Thucydides’den bu yana uluslararası ilişkiler teorisinin temel öngörüsü gücün savaşta da galibiyeti getireceğidir. Diğer bir deyişle, güçlü olanın hemen her durumda kazanacağı varsayılmaktadır. Oysa Vietnam, Afganistan ve Irak örnekleri ortadayken, 200 yıla yakın uzunca bir zaman diliminde yaşanan savaşlar üzerine yapılan akademik çalışmalar da asimetrik savaşların yani nüfus ve askeri güç açısından aralarında büyük farklar olan taraflar arasındaki askeri karşılaşmaların yüzde otuzunun zayıf tarafın galibiyetiyle sonuçlandığını ortaya koymaktadır.
Güçlülerin nasıl olup da zayıflar karşısında askeri yenilgiye uğradığıyla ilgili olarak sıkça başvurulan bir açıklama şöyledir: Güçlü aktörlerin kendi varlıklarının tehdit altında olduğunu algılamaması rehavete iterken zayıfların mağlup olma korkusu onları daha mücadeleci yapmaktadır. Ancak, güçlü tarafın silahlı çatışmaya girmesinden itibaren algılamalarının da değişmeye başladığı ve savaşı kazanmak için gücünü giderek daha fazla seferber ettiği gerçeği asimetrik savaşların galibinin neden büyük güçler olmadığını açıklamak için çok daha derinlemesine analizlere girilmesini ve başka değişkenlerin de hesaba katılmasını gerekli kılmaktadır. Küçük güçlerin sistemin çaresiz kurbanları olmasını engelleyen önemli faktörlerden biri büyük güçlerin rekabetini kendi lehlerine yönlendirmeleridir. Bunu resmi ittifaklar yoluyla yapabilecekleri gibi gayri resmi düzeyde, ortak anlayışlar geliştirerek de gerçekleştirmeye çalışabilirler.

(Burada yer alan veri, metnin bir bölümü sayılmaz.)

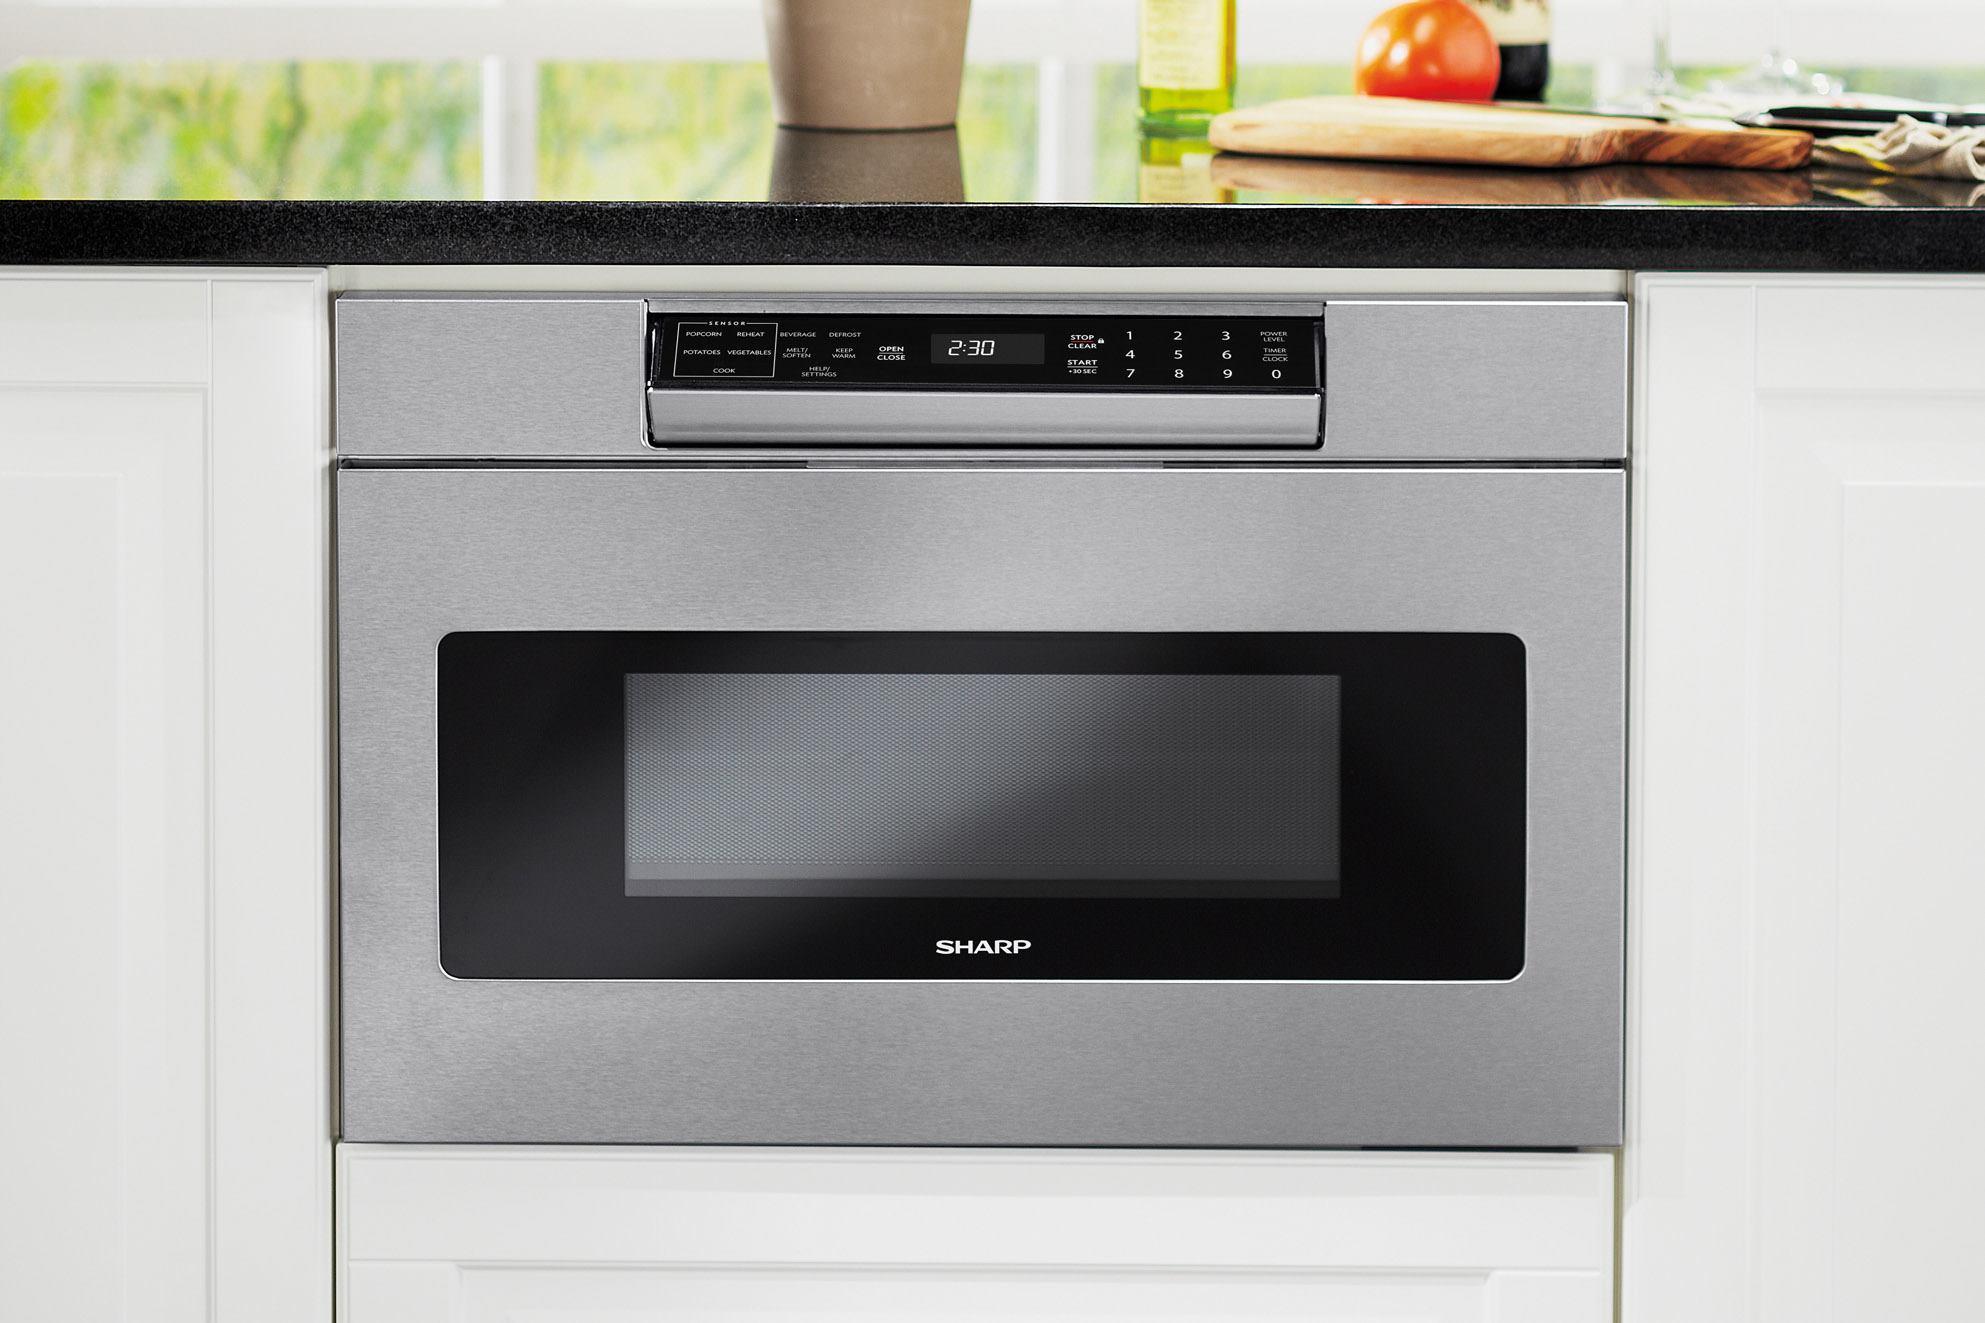 Sharp Microwave Drawer Oven Jlc Online

Güçlü devletlerin savaşları kazanacağı yolundaki öngörünün bir uzantısı da, savaşların güçlüler tarafından başlatıldığıdır ki bu da tarihsel verilerle doğrulanabilen bir argüman değildir. Zayıf taraf için sorunun mahiyeti ve ne kadar önem arz ettiği kadar harekete geçmeyip beklediği takdirde gücünü kaybedeceğini gösteren eğilimlerin varlığı da onun savaşa bakışını etkilemektedir. Bununla birlikte düşünülmesi gereken bir diğer önemli unsur, benimsediği siyasal askeri stratejidir ki bunlar içinde de yine zayıf devletlerin büyük devletlerin desteğini sağlamasının ya da sağlayacağına inanmasının kritik bir öneme sahip olduğu görülmektedir.
Kenneth Waltz’ın haklı olarak belirttiği gibi «Bir devletin kaderi ona diğer devletlerin vereceği karşılığa bağlıdır.”